(Stored items from a collection)

***

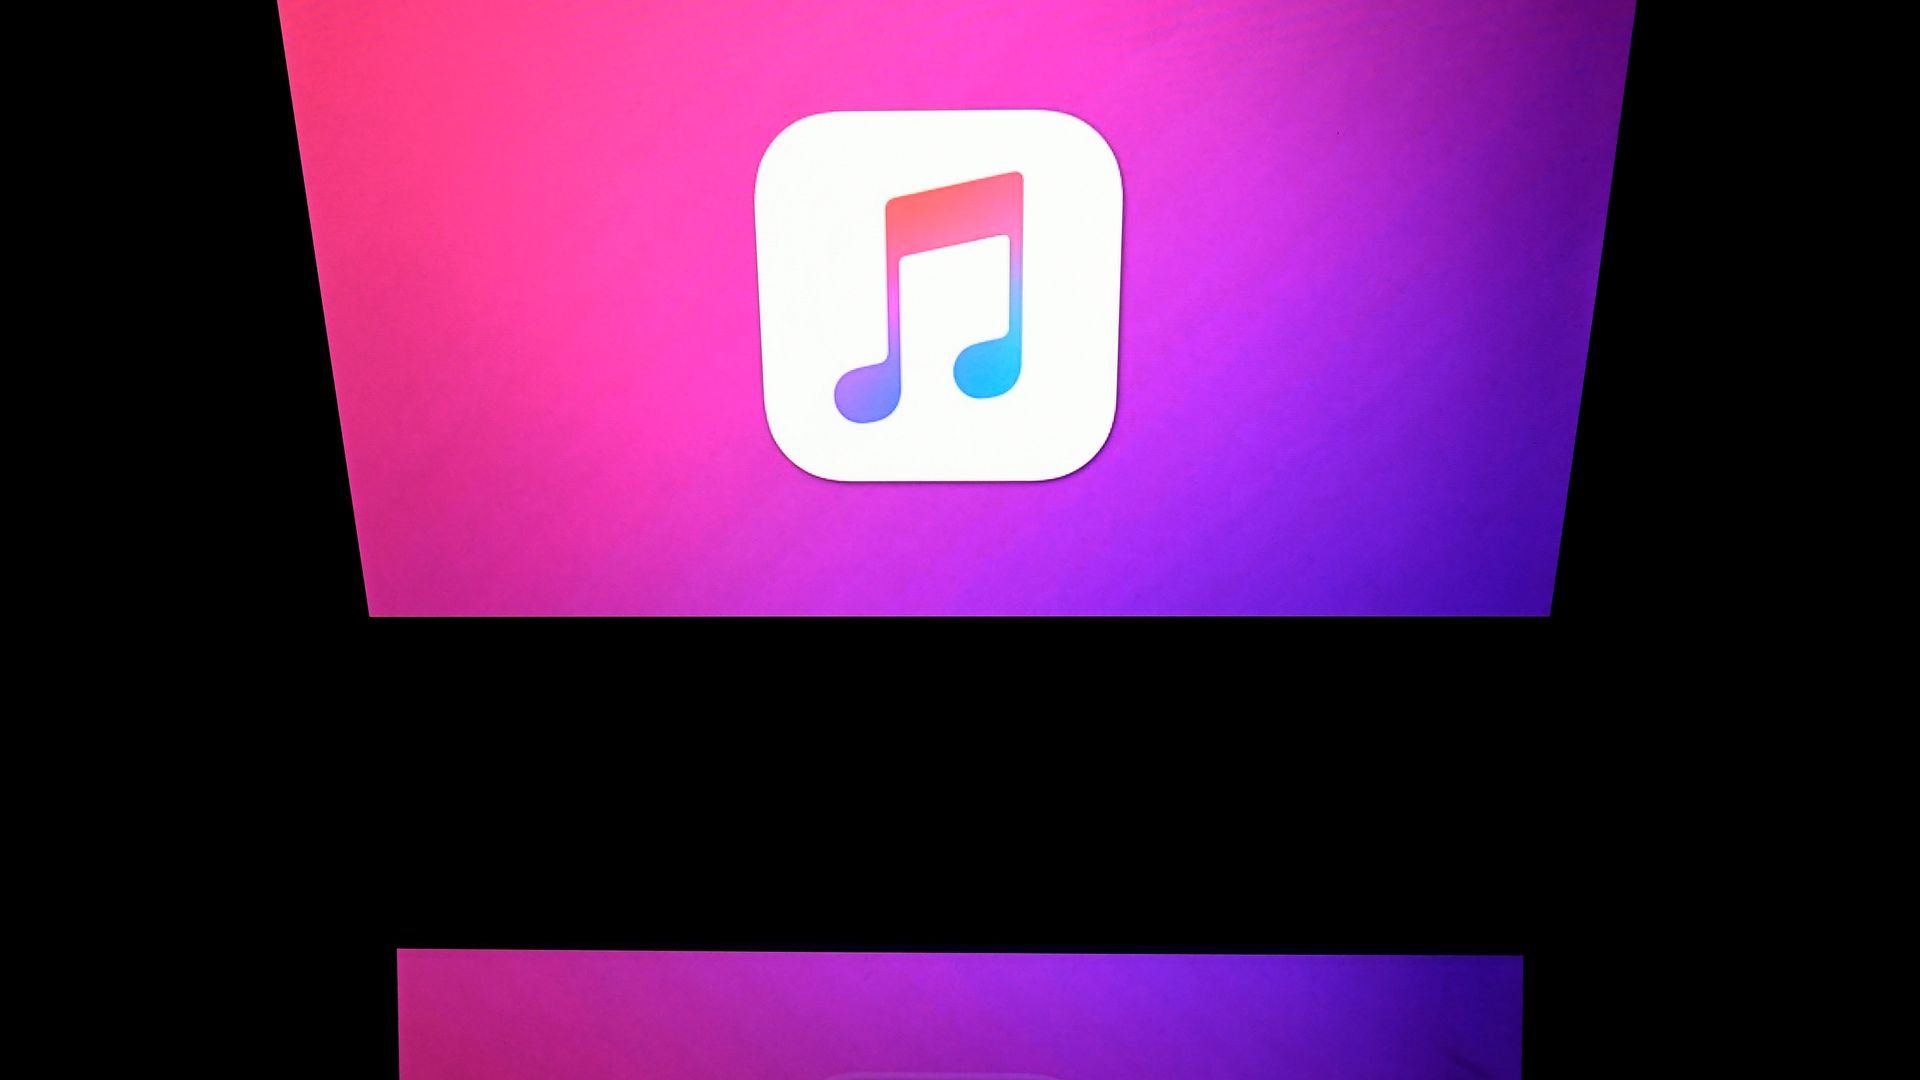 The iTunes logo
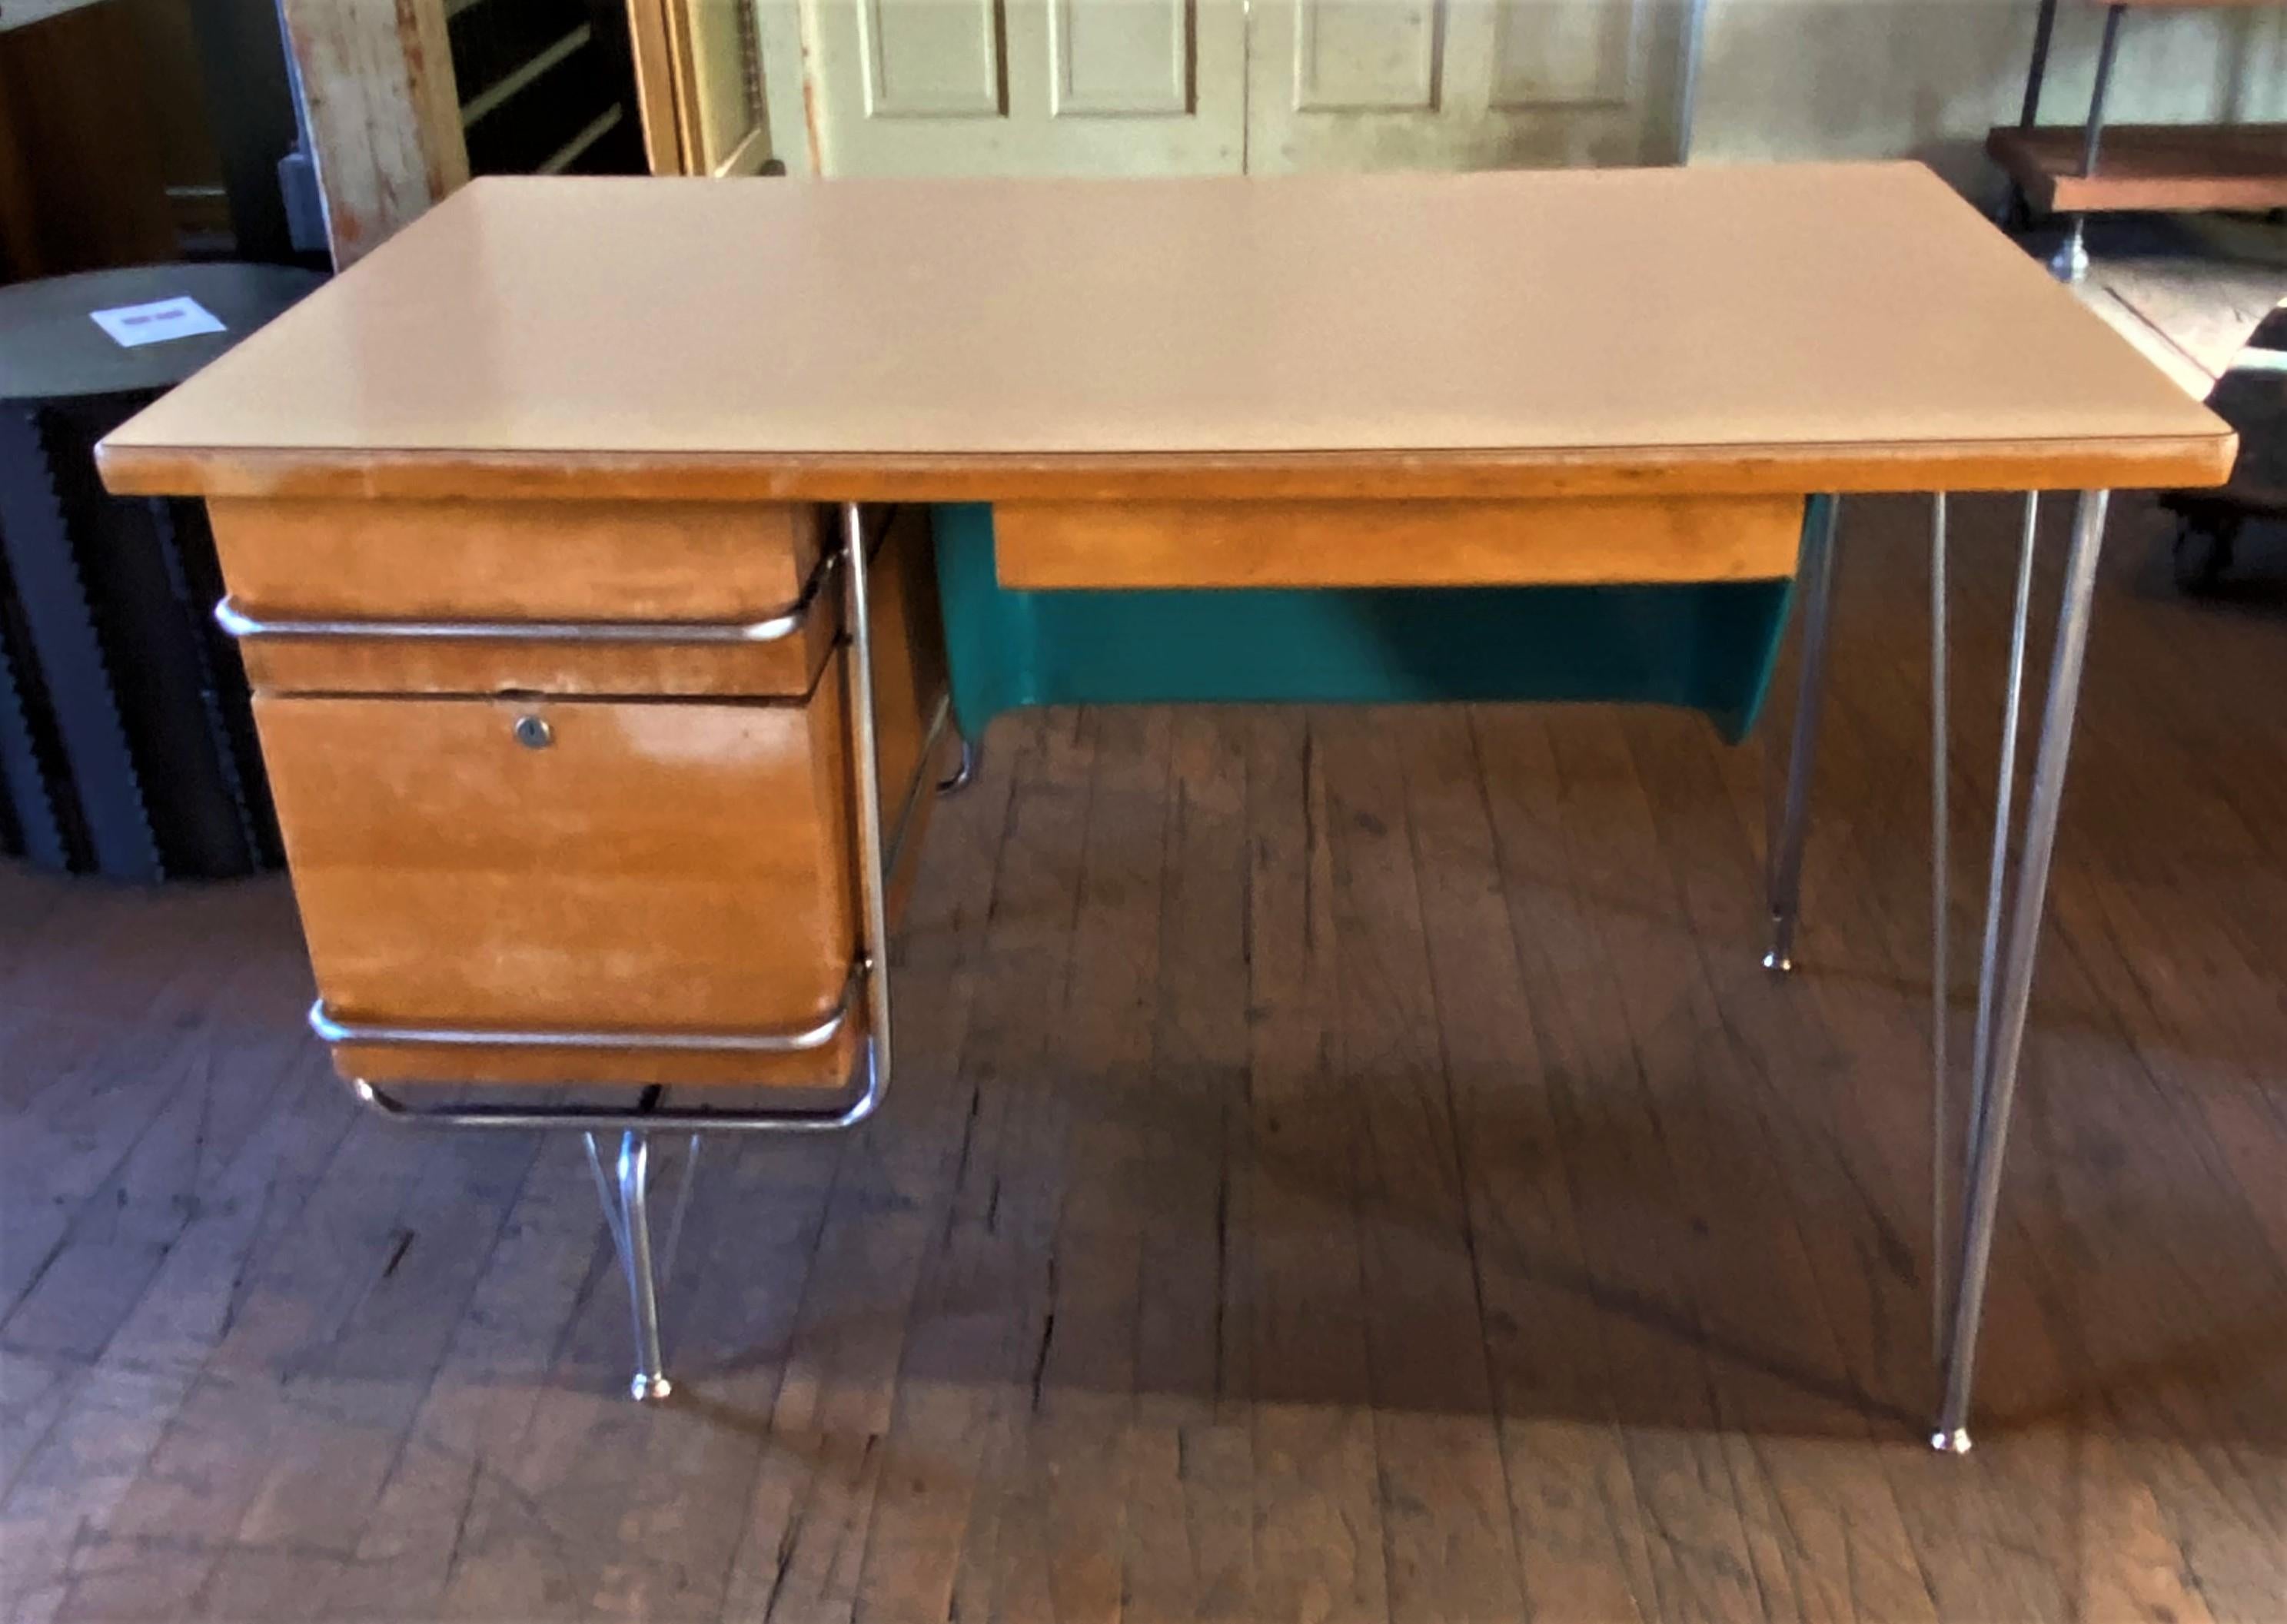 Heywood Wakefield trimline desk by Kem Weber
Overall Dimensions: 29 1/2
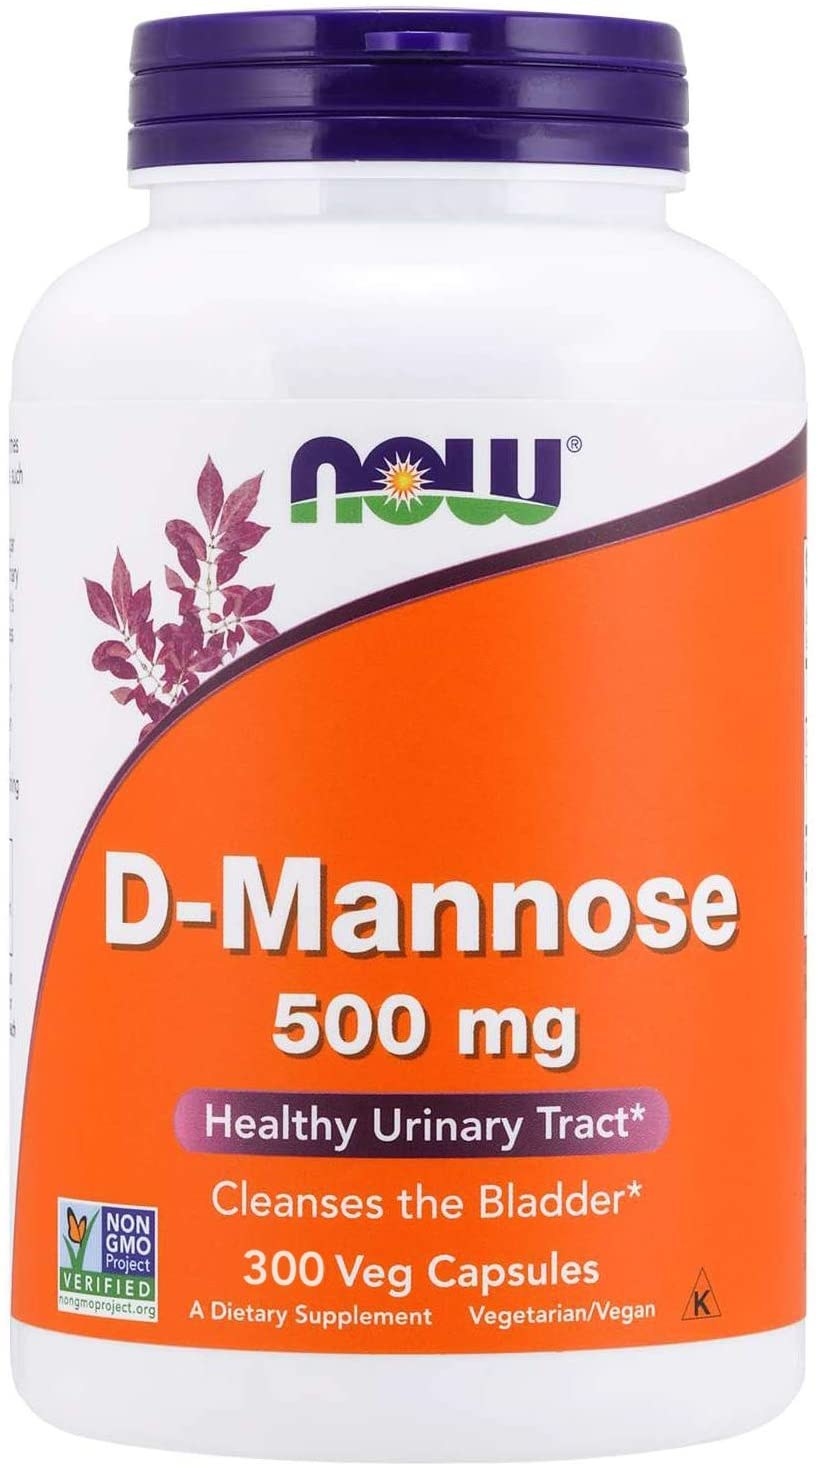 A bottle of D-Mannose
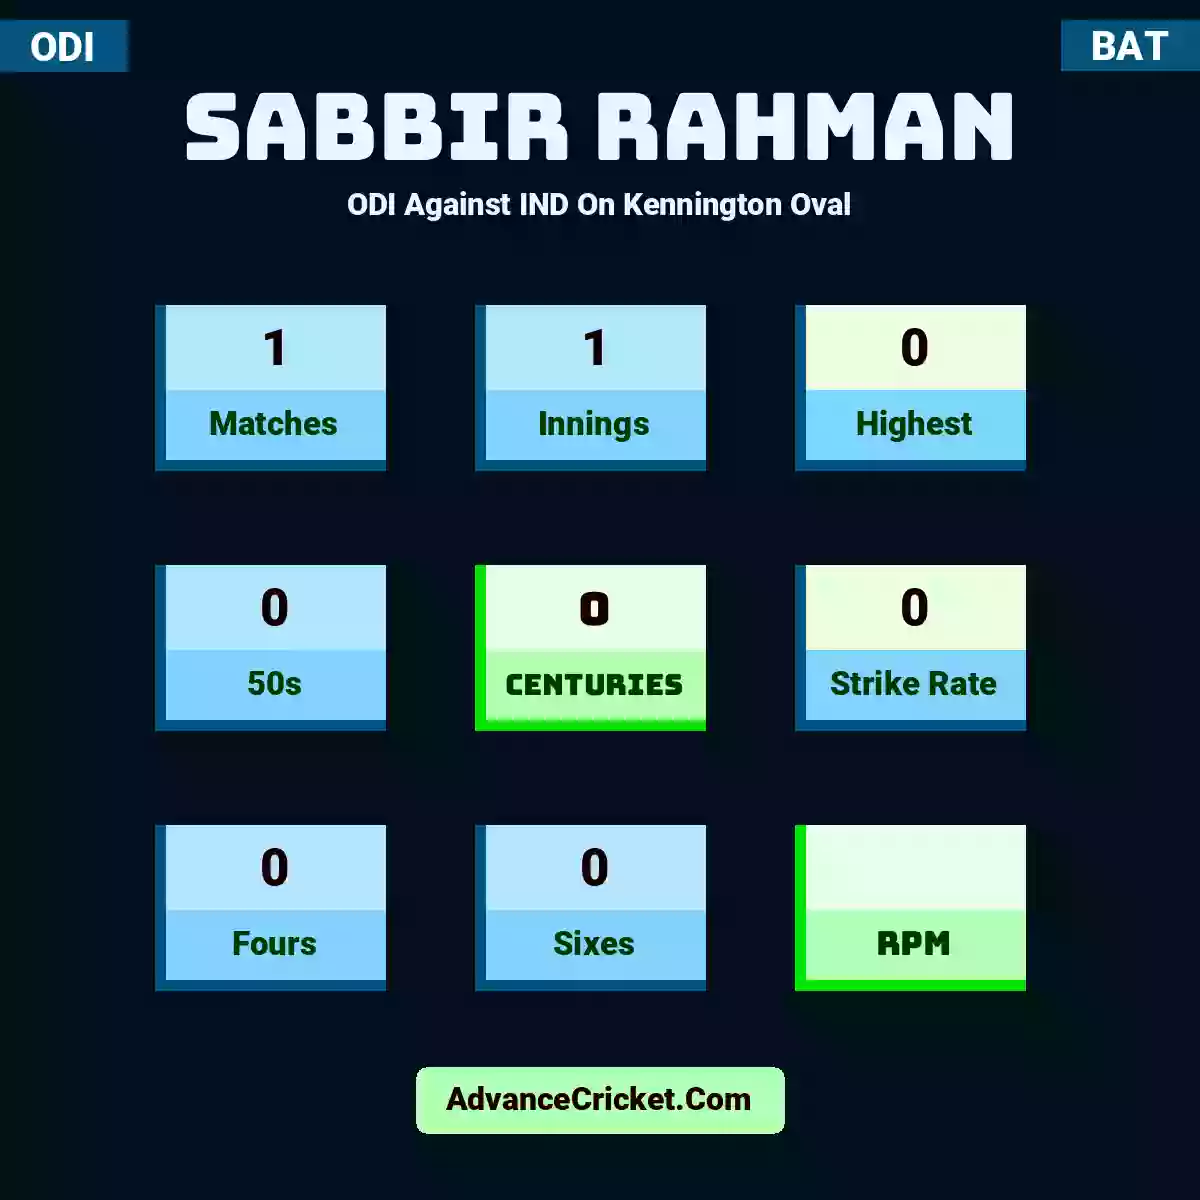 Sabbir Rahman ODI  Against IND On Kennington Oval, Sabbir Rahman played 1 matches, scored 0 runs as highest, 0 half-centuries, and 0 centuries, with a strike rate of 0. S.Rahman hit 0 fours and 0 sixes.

***

(ABOUT THIS TASK): In the data above, the line containing "Heywood Wakefield trimline desk by Kem Weber" and all lines after it are to be reproduced exactly, leaving out the pictures.

(EXERCISE SOLUTION):
 Heywood Wakefield trimline desk by Kem Weber
Overall Dimensions: 29 1/2
 A bottle of D-Mannose
 Sabbir Rahman ODI  Against IND On Kennington Oval, Sabbir Rahman played 1 matches, scored 0 runs as highest, 0 half-centuries, and 0 centuries, with a strike rate of 0. S.Rahman hit 0 fours and 0 sixes.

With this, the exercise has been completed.